CENTRAL LIBRARY
Frequently Asked Questions Regarding Completion of the Central Library Expansion Project
Why is the Library considering issuing bonds to complete the expansion and renovation project for Central Library?
Issuing the bonds is the only feasible option the Library Board has. The Interim Central Library facility is barely adequate to serve as the downtown branch or the Library’s hub. The longer we use this facility, the less able we are to serve the growing needs of the public. In addition, we face maintenance and other costs at the interim facility.
Issuing bonds and quickly completing the project also is the most cost efficient. The Library Board looked into the costs of delaying the project until money can be recovered from the lawsuits over the design and construction mistakes that delayed the Project. Such a delay would add more than $20 million to the final cost, and delay its completion by at least five years.

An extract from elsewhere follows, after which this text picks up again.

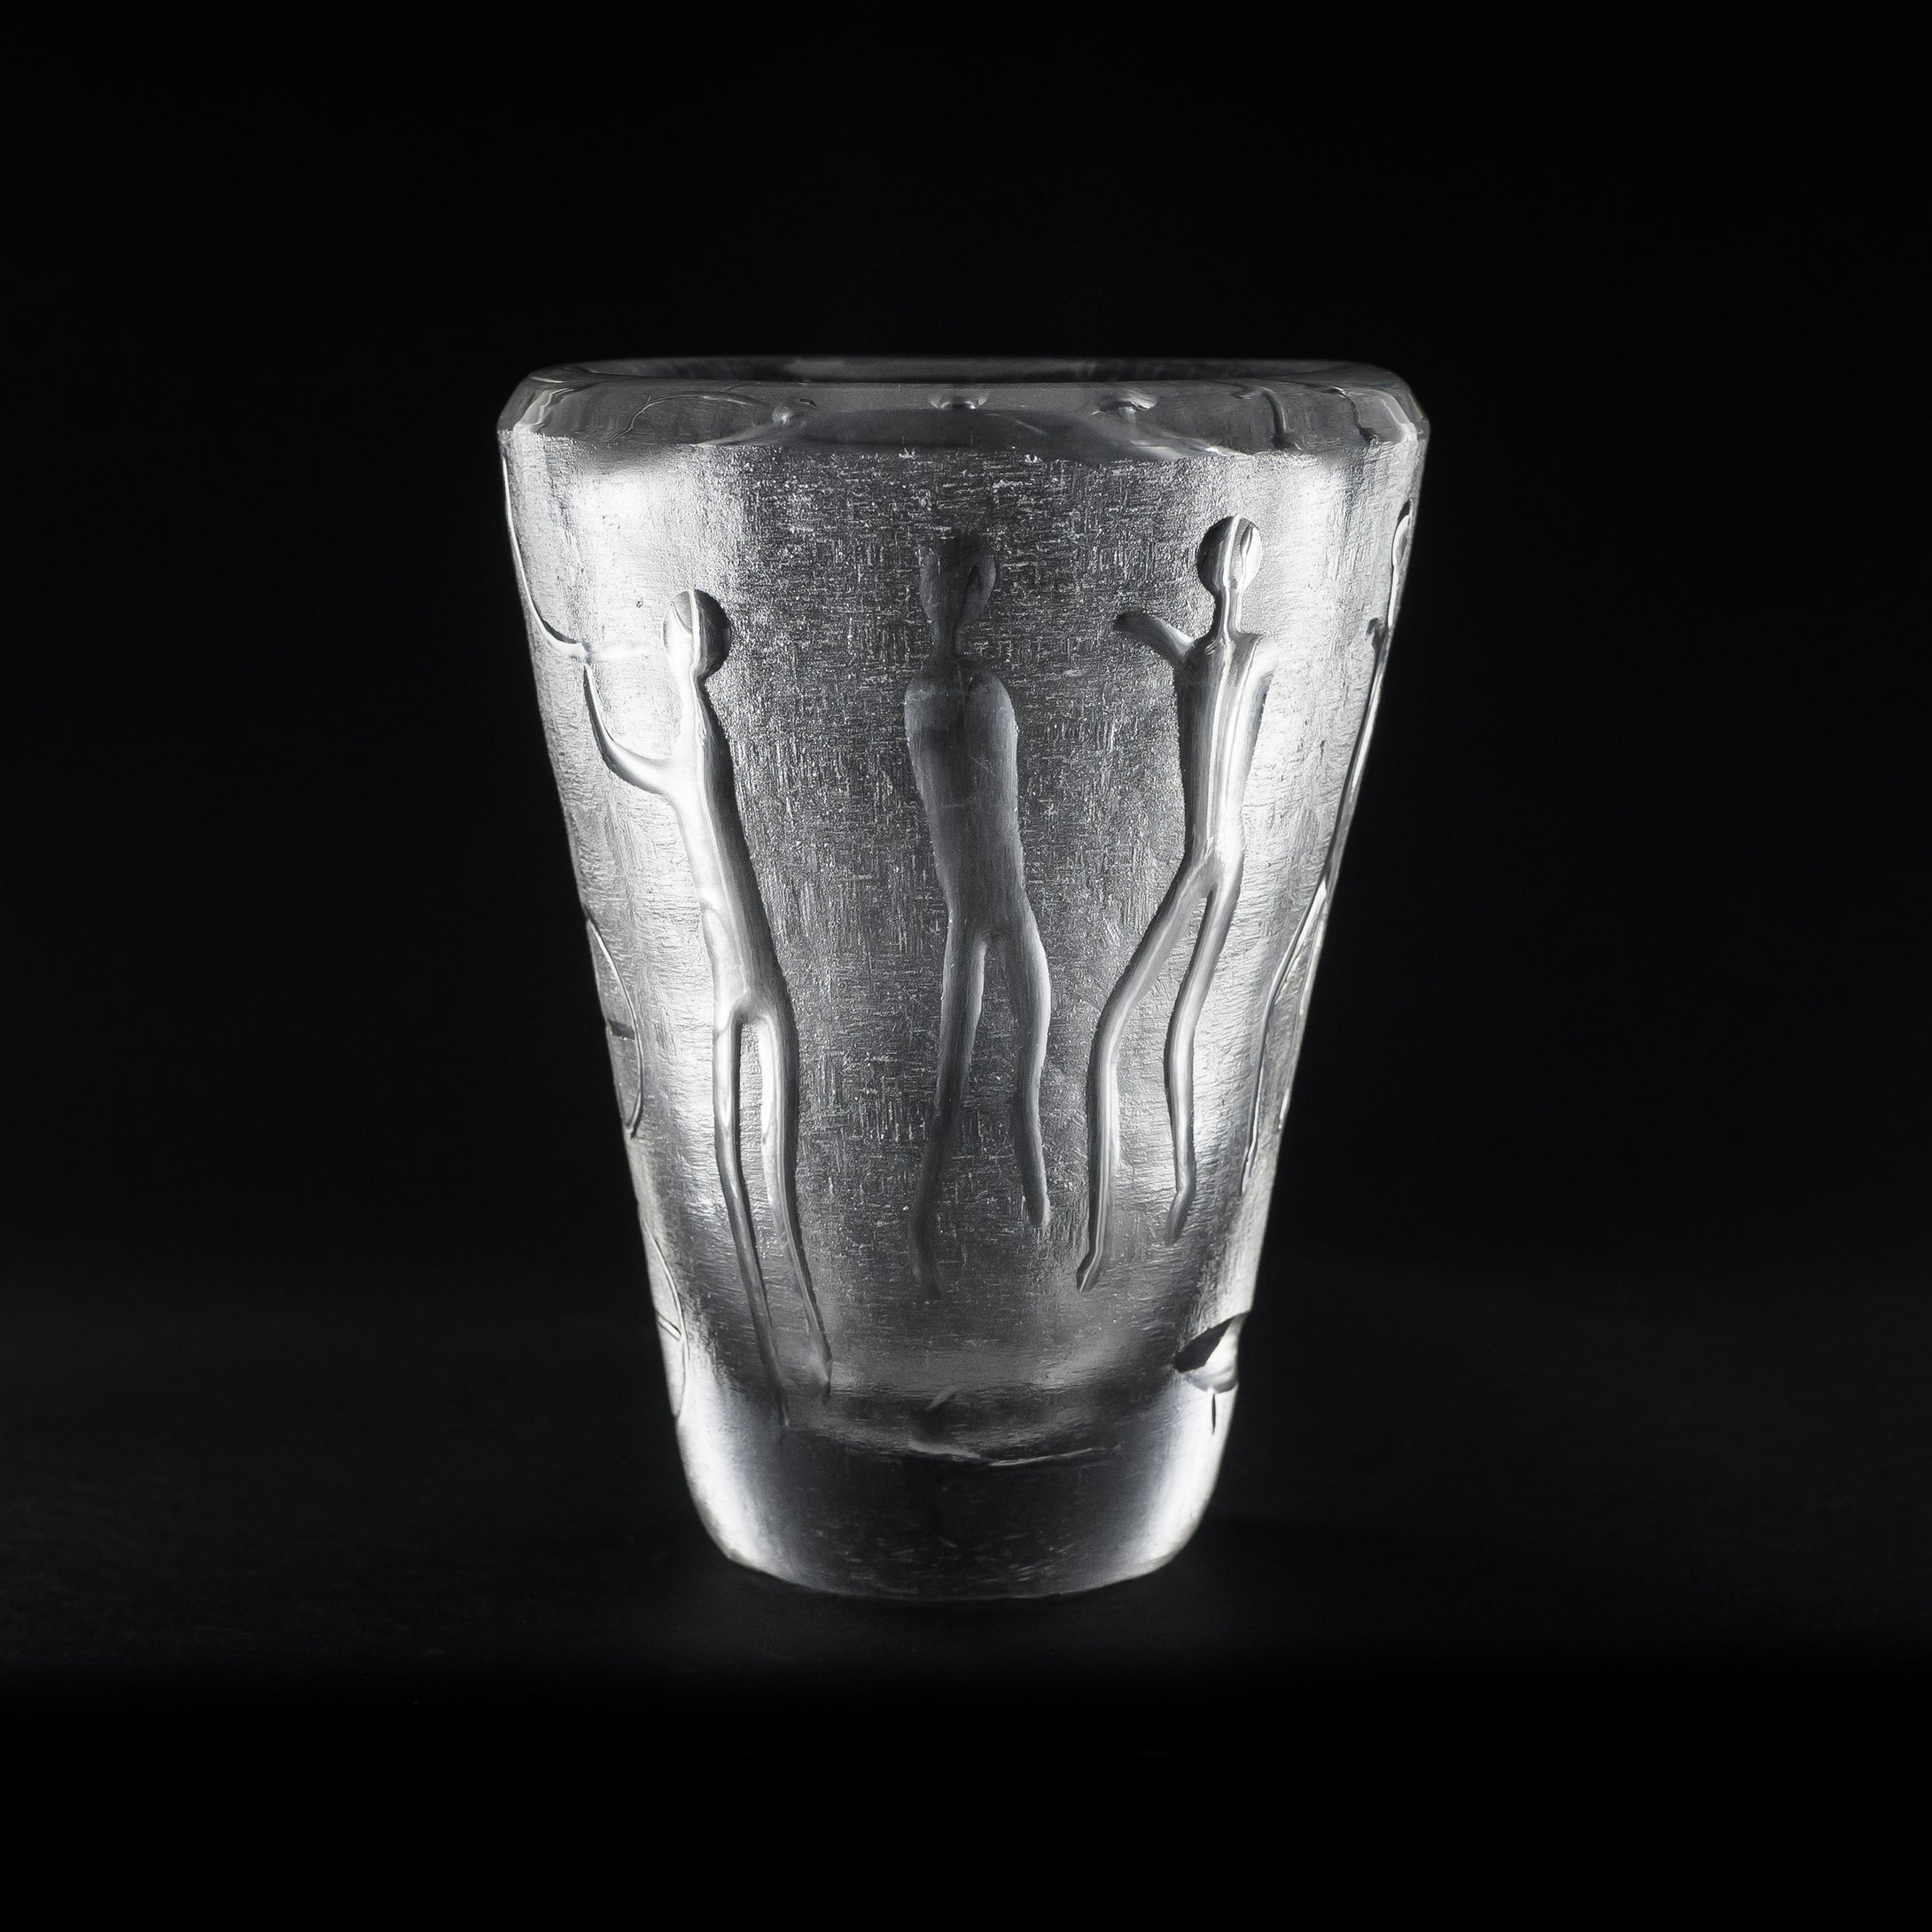 Formblåst vas från Kosta med slipade hällristningsmotiv. 1950-tal. Signerad LINDSTRAND KOSTA LS 504. 18cm hög. Kosta vase with stone age motif. H: 18cm/7,1

The Library has pledged that all funds recovered in the lawsuits against the guilty contractors will be used to pay off the additional bonds. The Library also will seek in the lawsuits to collect all additional expenses caused by having to go to the bond market including interest, legal and banking fees.

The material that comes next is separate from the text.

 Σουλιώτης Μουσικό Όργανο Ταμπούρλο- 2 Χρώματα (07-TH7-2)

Problems at the construction site first came to light in late February 2004. They appear to be problems of both construction and design. The Library hired forensic engineers to assess the extent of the construction errors and the criticality of those errors. This process was greatly delayed by a lack of cooperation by some of the parties involved.
The Library is suing Thornton Tomasetti, the structural engineers, Shook, the garage contractor and Patriot Engineering, the inspection firm. We anticipate a drawn-out legal process.
In the meantime, the Library has had to negotiate delay claims with a number of the contractors.
We anticipate that the delay, along with its attendant claims, attorney and other consultant fees, repairs to the garage, etc., will require another $40 million and $45 million in funding. We have established a separate fund to maintain an accurate record of all expenses connected to the delay. In the lawsuits we are seeking a complete recovery of all expenses from the culpable parties and their insurers. There is no evidence that any staff member of the library or board member bears any responsibility for this situation.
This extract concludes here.